Sure, we all know that Robert Olen Butler is the Pulitzer-winning author whose author wife, Elizabeth Dewberry, just left him to become one of media mogul Ted Turner's girlfriends, prompting him to pen the nuttiest email of all time. But how familiar are we all with his award-winning work? Maybe some excerpts from this short story, which first appeared in the New Yorker in 1995, would be a good primer. It is about what you think: a man turns into a parrot, is purchased as a pet by his wife, and is forced to watch her cavort around the house with her new lover.

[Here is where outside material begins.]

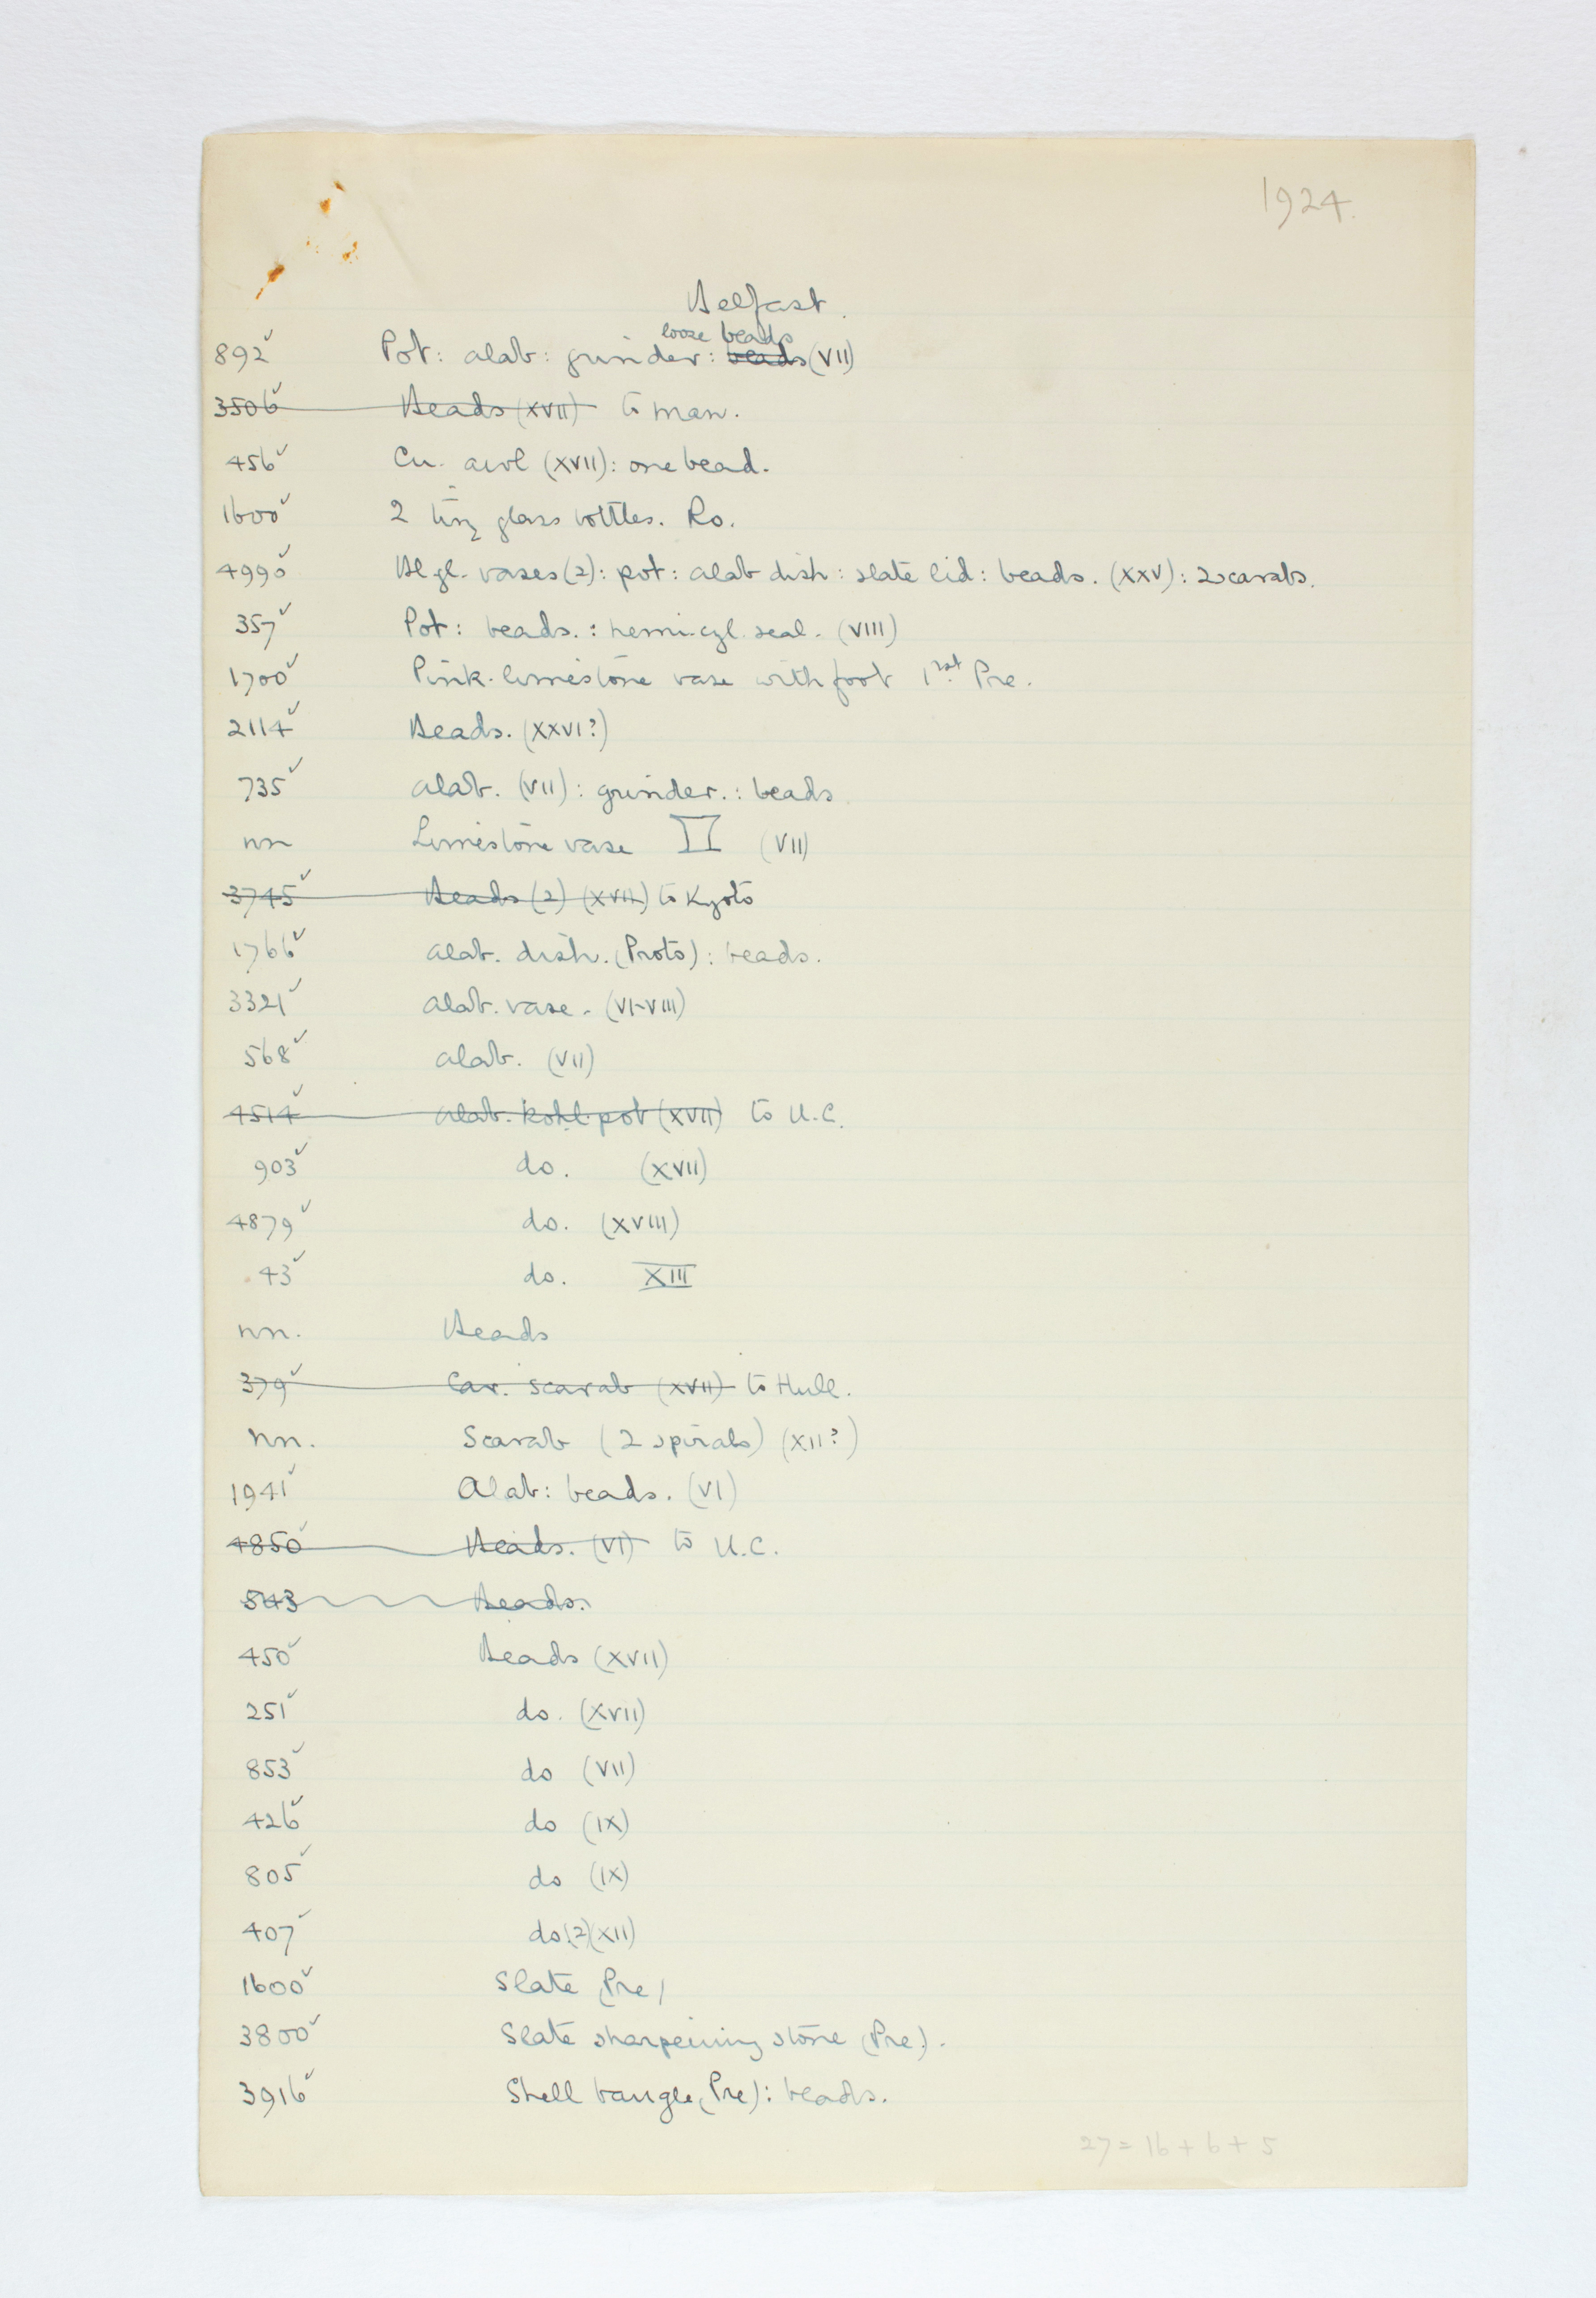 1923-24 Qau el-Kebir, Hemamieh Individual institution list PMA/WFP1/D/27/3.1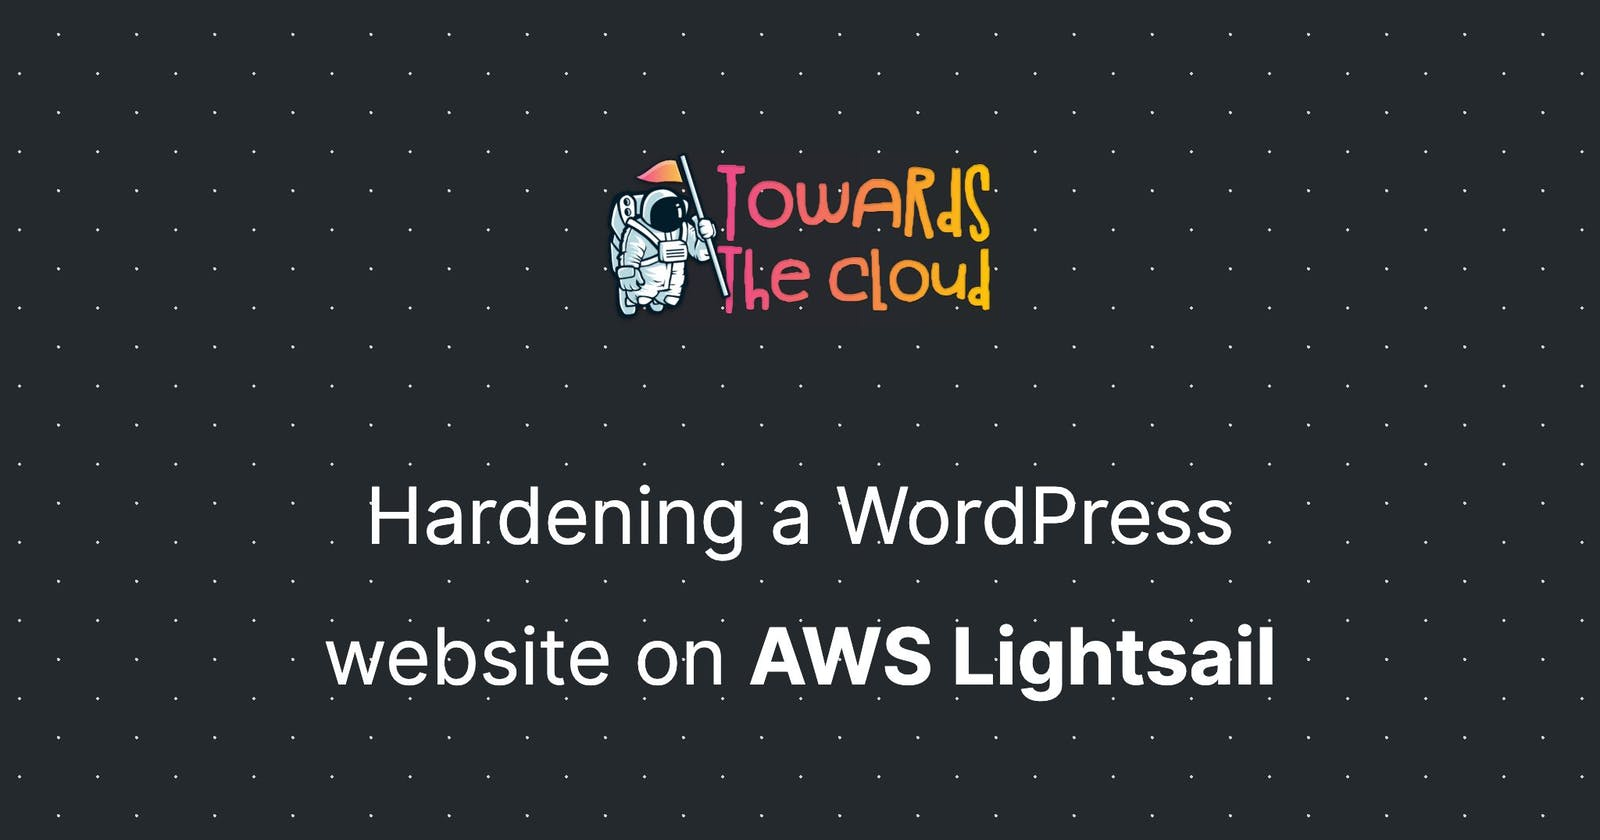 Hardening a WordPress website on AWS Lightsail

Here's our second-favorite passage:

I was jealous in life. I admit it. I would admit it to her. But it was because of my connection to her. I would explain that. When we held each other, I had no past at all, no present but her body, no future but to lie there and not let her go. I was an egg hatched beneath her crouching body, I entered as a chick into her wet sky of a body, and all that I wished was to sit on her shoulder and fluff my feathers and lay my head against her cheek, my neck exposed to her hand.

And here's our favorite:

And then the cracker [as the parrot has dubbed the lover, who is also described as having "a thick Georgia truck-stop accent" ] comes around the corner. He wears only his rattlesnake boots. I take one look at his miserable, featherless body and shake my head. We keep our sexual parts hidden, we parrots, and this man is a pitiful sight. "Peanut," I say.